_Data section_.
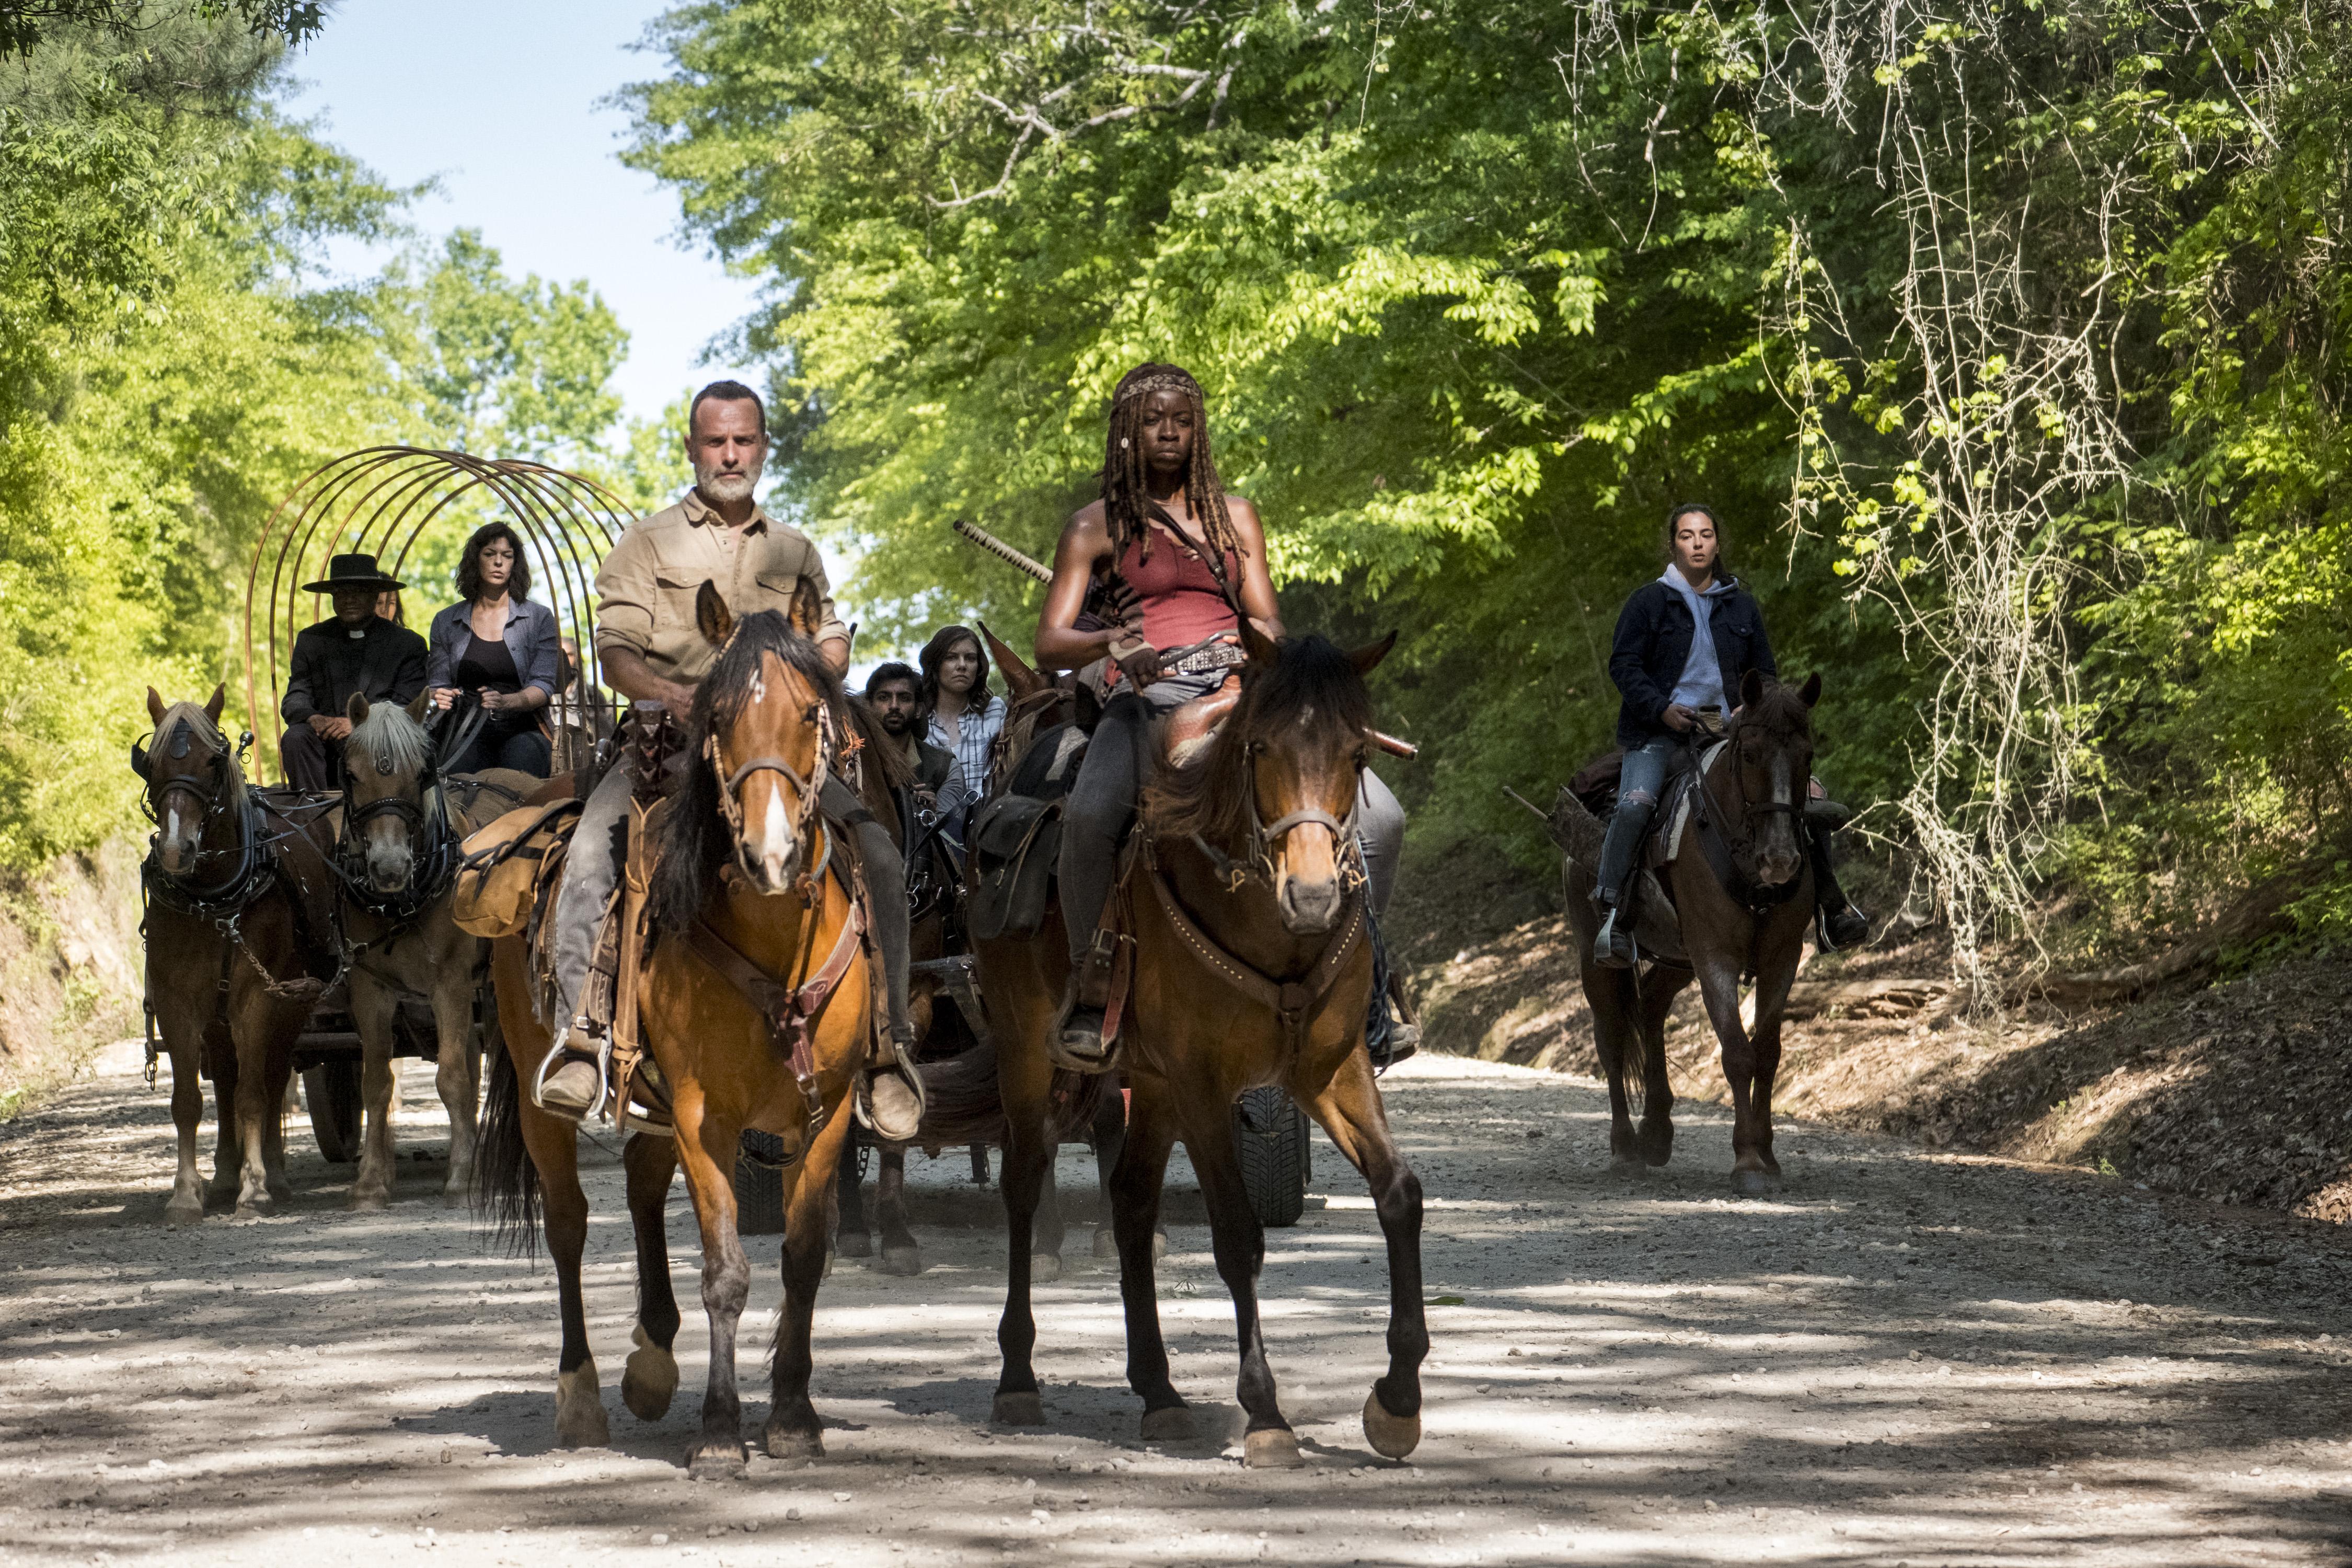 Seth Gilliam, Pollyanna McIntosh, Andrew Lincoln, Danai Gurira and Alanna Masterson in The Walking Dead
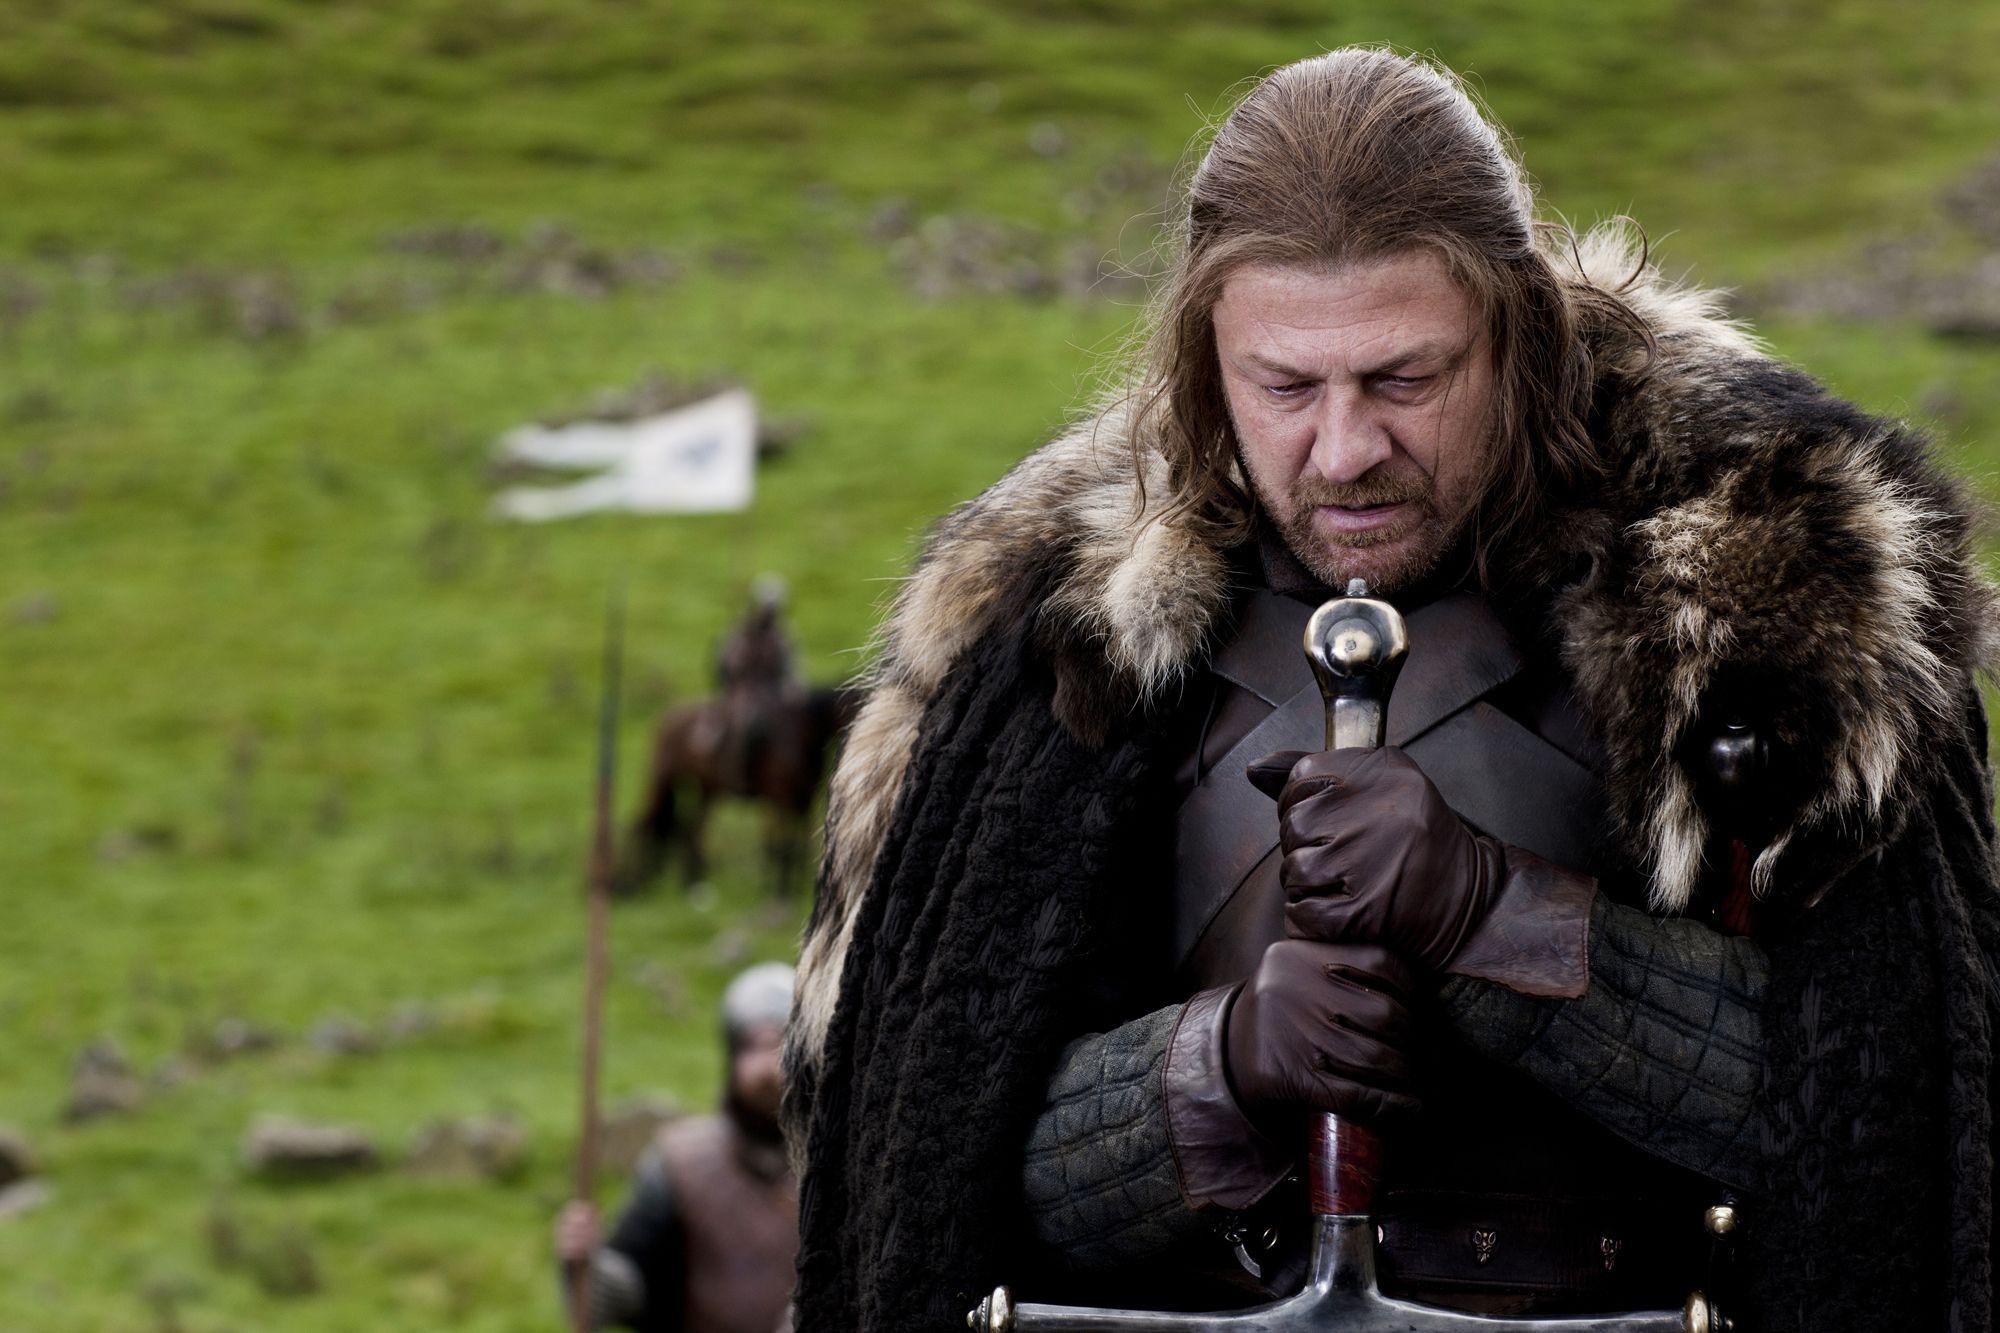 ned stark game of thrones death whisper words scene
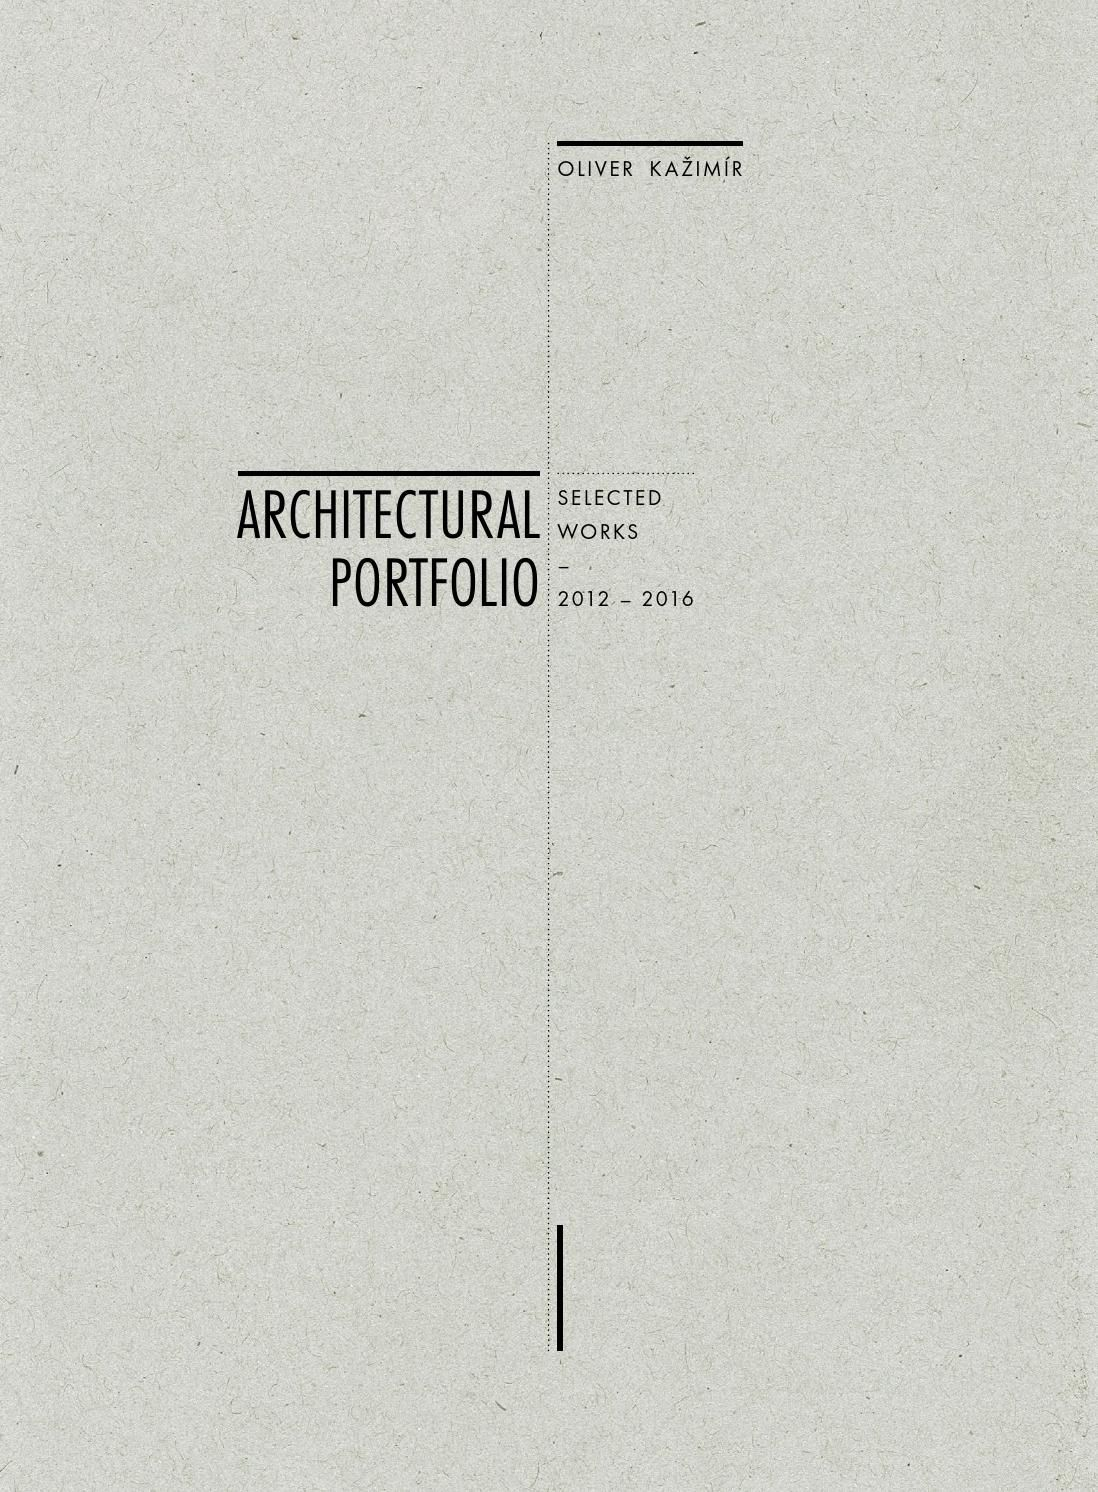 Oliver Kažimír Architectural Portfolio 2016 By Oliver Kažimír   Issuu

_Work to complete_.
Starting with the line that holds "ned stark game", reproduce exactly each line up to and including the last line of the material above, and drop the pictures.

_Exercise output_.
 ned stark game of thrones death whisper words scene
 Oliver Kažimír Architectural Portfolio 2016 By Oliver Kažimír   Issuu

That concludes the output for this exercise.